Ryan D. asks: Does the dangly thing in the back of my throat serve any purpose?

doctor-checkupHanging from the back edge of your soft palate, the palatine uvula seems to serve several functions, none of which are particularly necessary for most people, which is why it can generally be removed with few, if any, noticeable side effects.

In fact, in the West, the “uvula” (name deriving from the Latin “uvola,” meaning “small bunch of grapes”) is often cut out as part of uvulopalatopharyngoplasty to help patients who suffer from sleep apnea. Other cultures have long removed the uvula, sometimes as part of a ritual, to treat all manner of “throat conditions,” as well as cure everything from vomiting and diarrhea to rejecting breast feeding, growth retardation and even anorexia. Today the surgery is still occasionally practiced among various ethnic groups in Eritrea, Ethiopia, Kenya, Niger, Nigeria, Sierra Leone and Zarma.

So if you probably wouldn’t notice anything particularly different when it’s removed, what does the uvula actually do and why do we still have one?

Beyond that it is necessary for producing important sounds, sometimes called uvular consonants, in several languages, including French and Arabic, perhaps the most noticeable role of the uvula is helping to keep the throat moist. You see, the uvula is packed with serous and seromucous glands.  When muscle fibers in the uvula (musculus uvulae) contract, it results in these glands excreting significant amounts of a thin form of saliva that gets splattered and dripped around the throat as we speak and swallow.  In fact, one of the potential side effects of having your uvula removed is occasional problems with a dry throat.

With the help of its internal muscular fibers, the uvula also aids the soft palate in sealing off the passageway between your throat and your nose (called the nasopharynx) when you swallow and speak, helping to make sure bits of food or liquid don’t go up your nose and that the air and vocal vibrations are directed out of your mouth and not your nasal cavity.

The partial role the uvula has in this has led some to speculate that it assists with keeping the tone of our voices in a pleasing range, as it could help control both resonance and subdue the nasal tone of the voice.
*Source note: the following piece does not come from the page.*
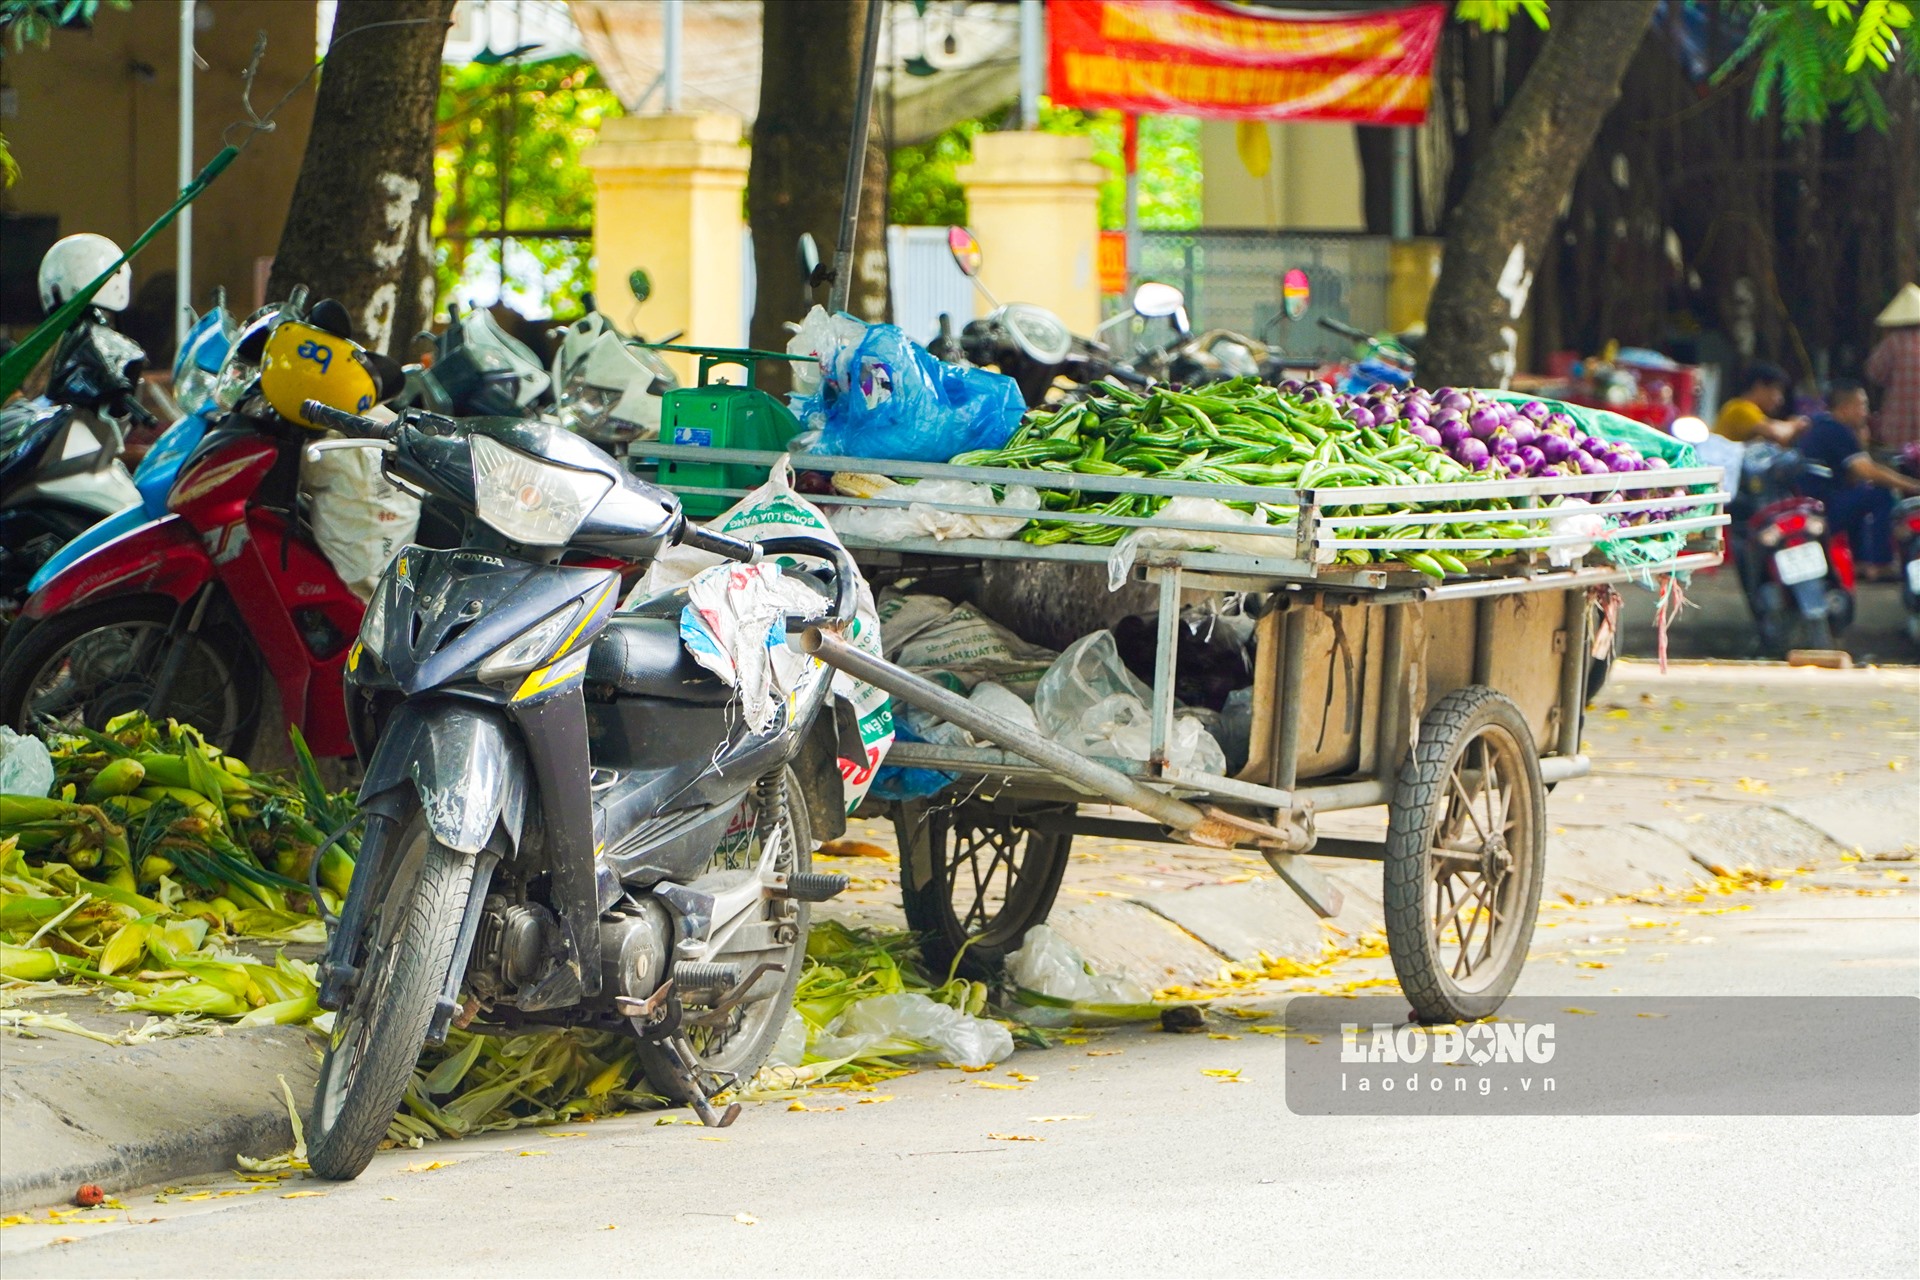 Không chỉ chiếm phần vỉa hè, các xe lưu động bán hoa quả còn ngang nhiên chiếm dụng cả phần lòng đường.

However, the soft palate alone is usually perfectly capable of sealing the nasopharynx, and thus, in most cases the uvula is not necessary to put an end to a nasally sounding voice. In rare cases, some individuals do have a problem with this, a condition called velopharyngeal insufficiency, which, beyond potential issues like nasal regurgitation (bits of food and the like going up your nose when swallowing), results in the individual having difficulty saying consonants like “b”.

Given these primary functions of the uvula, it has been proposed that the reason humans have a uvula is because it aids somewhat in speech, making it an accessory speech organ. This theory is loosely supported by the fact that, outside of humans, only a few animals, and this is individual animals, not species, have been found to even have one:

In 1992, researchers searched the mouth cavities in a number of animals . . . [including] dogs and horses and cows and apes and sheep . . . . Of all animals in the study, a small underdeveloped uvula was found only in two baboons.
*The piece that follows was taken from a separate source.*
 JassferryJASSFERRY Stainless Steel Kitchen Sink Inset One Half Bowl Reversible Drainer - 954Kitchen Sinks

Another function of the uvula relates to its role in the gag reflex, as it is one of only five parts of the body that will potentially trigger it (the others being the roof of the mouth, the backs of the tongue and throat, and the tonsils). Having something the dangles down over the throat opening that can trigger this is obviously beneficial over just the tissue around said opening performing this function. However, as with the other stuff the uvula does for you, it isn’t really necessary in this case either and, for most people, its removal would not likely inconvenience them in the slightest, or even necessarily be noticed at all other than potentially visually.
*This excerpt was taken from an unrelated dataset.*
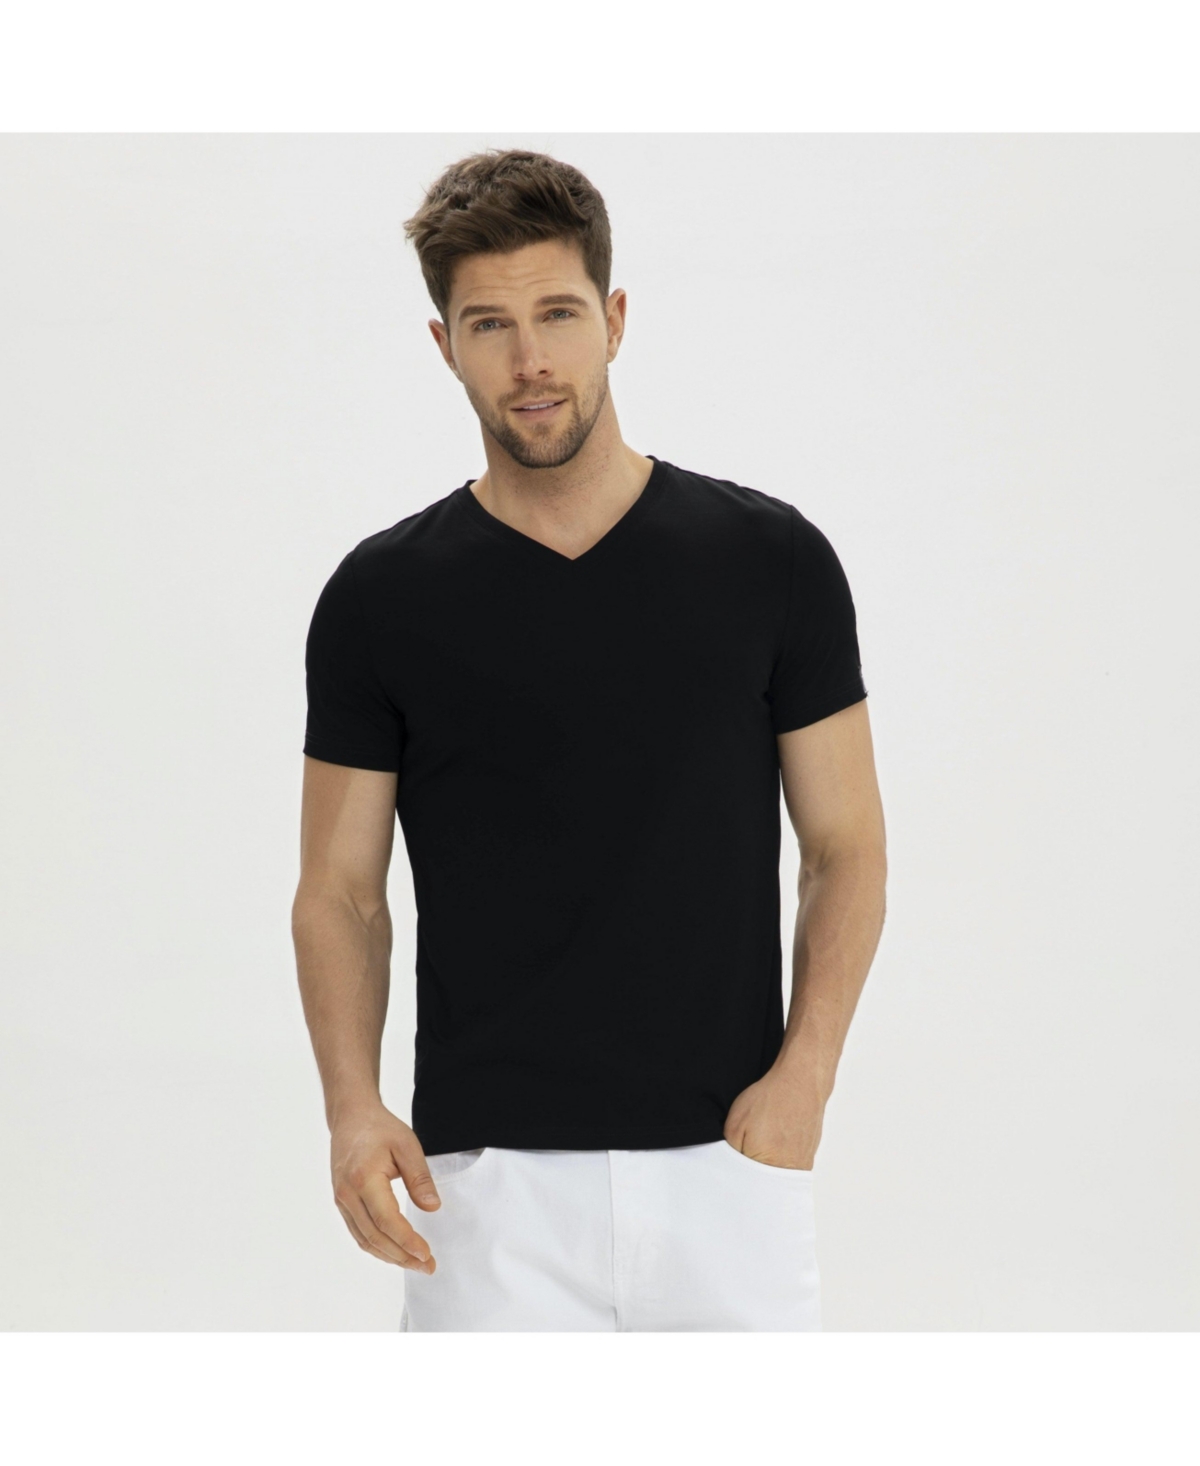 Bellemere Men's Grand V-Neck Mercerized Cotton T-Shirt - White

If you liked this article, you might also enjoy our new popular podcast, The BrainFood Show (iTunes, Spotify, Google Play Music, Feed), as well as:

Bonus Facts:

  • Despite the uvula playing a role in the gag reflex, and despite other drawbacks, uvula piercing is a thing.
  • A fascinating vestigial trait in humans is the palmar grasp reflex that newborn infants (and even pre-born fetuses) display: studies of this reflex have revealed that newborn humans can support their own weight by hanging from their hands for at least 10 seconds. This activity mimics that of newborn monkeys, who must be able to grasp and hang onto their mothers for significantly longer periods of time. Human infants start to lose this reflex at about three months.
  • Of course, most have seen ultrasound pictures of human embryos with tails (this happens in the sixth week). Within a few weeks of development, however, for most the tail’s vertebrae fuse together to form the coccyx and the tail, itself, disappears long before birth (although occasionally a baby is born with a bit of the structure, see: Are Some People Really Born with Tails?).
  • Interestingly, not everyone is born with wisdom teeth anymore, as the evolution of the human diet has led to their obsolescence. Likewise, a thin strip of muscle thought to be important for hanging, the palmaris longus, is believed to be missing in about 10% of the population.
  • If you’ve ever known someone who can wiggle their ears, this is due to auricular muscles around the outside of the human ear. Although most of us never use them, it is said that “through repeated effort . . . humans can recover some ability to wiggle their ears.”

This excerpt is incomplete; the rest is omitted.